De civiele kamer van de Hoge Raad oordeelt dat belastingplichtigen niet via de civiele rechter inzage in de ongeschoonde stukken over de tipgever kunnen eisen. Verder bevestigt de Hoge Raad de mogelijkheden die de Staat heeft om via een civiele procedure af te dwingen dat belastingplichtigen de informatieverplichtingen nakomen.
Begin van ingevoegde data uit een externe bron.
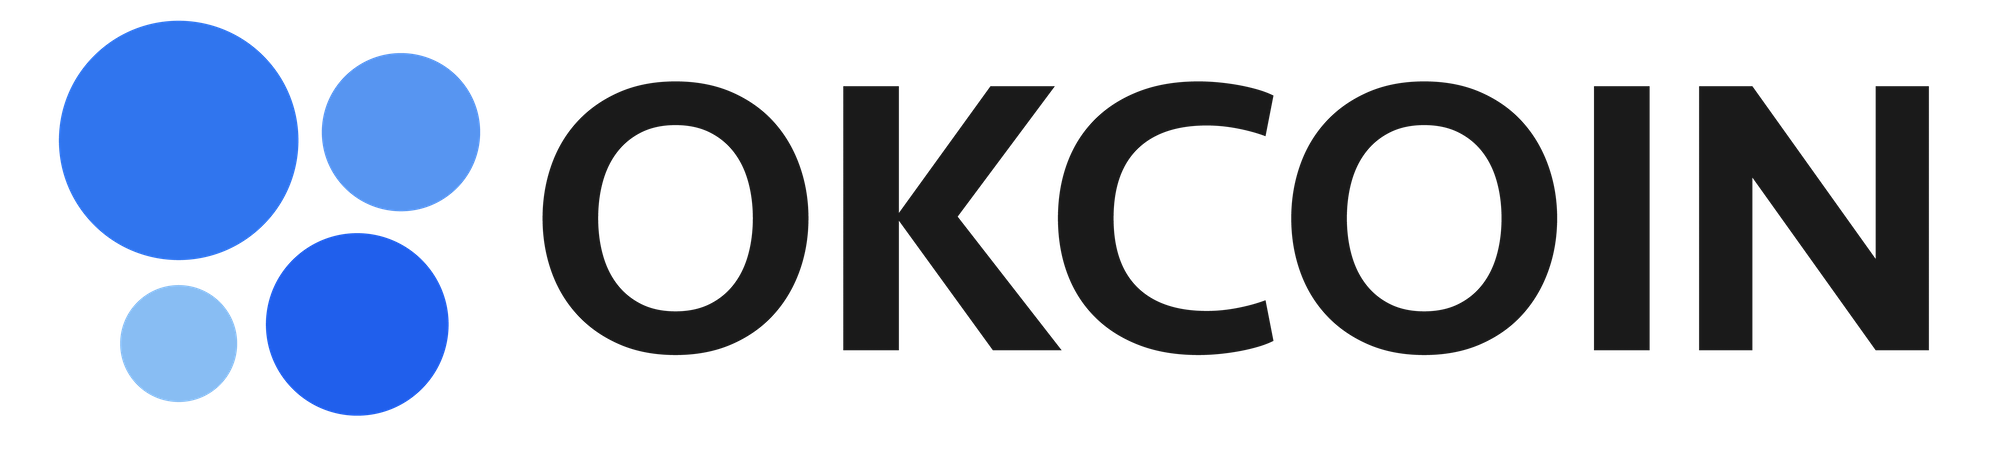 Buy Maker in Congo - OKCOIN
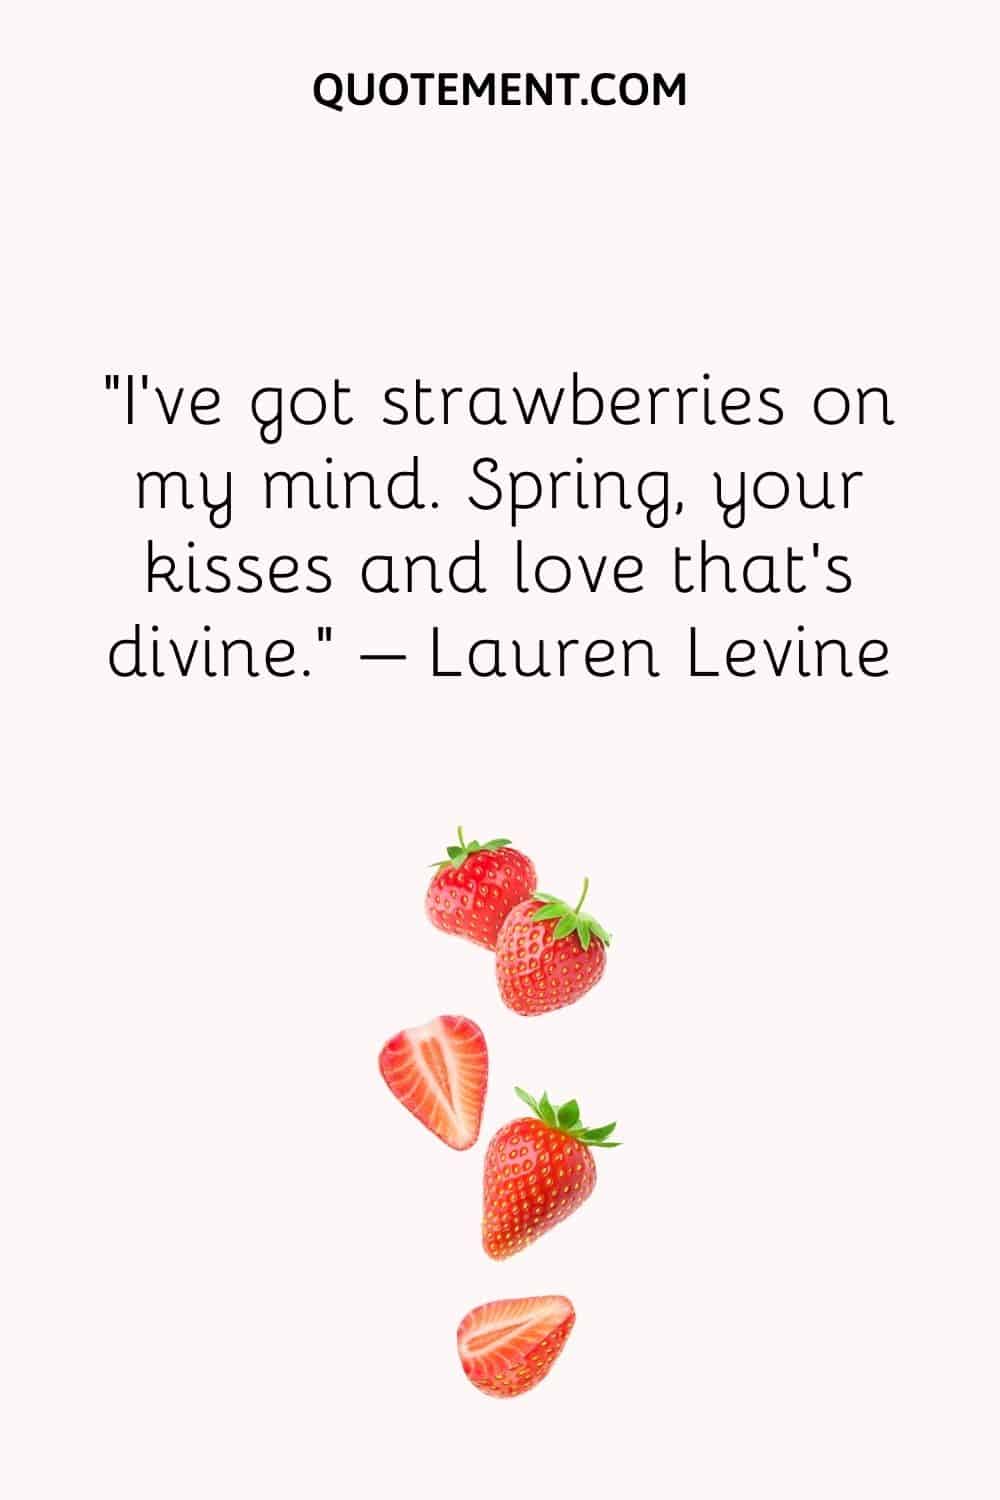 I’ve got strawberries on my mind

De Staat der Nederlanden (verweerder in cassatie) sluit een overeenkomst met een tipgever die informatie heeft over Nederlands ingezetenen met buitenlandse bankrekeningen, met name bij een Luxemburgse vestiging van de Rabobank. De Staat betaalt de tipgever een tipgeld dat oploopt met het belastingbedrag dat de Belastingdienst op basis van de verstrekte informatie achterhaalt. De Belastingdienst legt aan de door de tipgever geïmpliceerde belastingplichtigen op basis van de verkregen informatie navorderingsaanslagen en vergrijpboeten op. In kort geding eist een aantal van deze belastingplichtigen (hierna: eisers) de overlegging van alle - ongecensureerde – stukken die op hun zaken betrekking hebben, inclusief de volledige tipgeversovereenkomst en de identiteit van de tipgever, om hun verdediging tegen de boete-oplegging te kunnen voorbereiden. De Staat weigert dat en eist juist in reconventie van deze belastingplichtigen op straffe van een dwangsom dat zij alsnog voldoen aan hun wettelijke plicht tot verstrekking van informatie over buitenlandse bankrekeningen aan de Belastingdienst.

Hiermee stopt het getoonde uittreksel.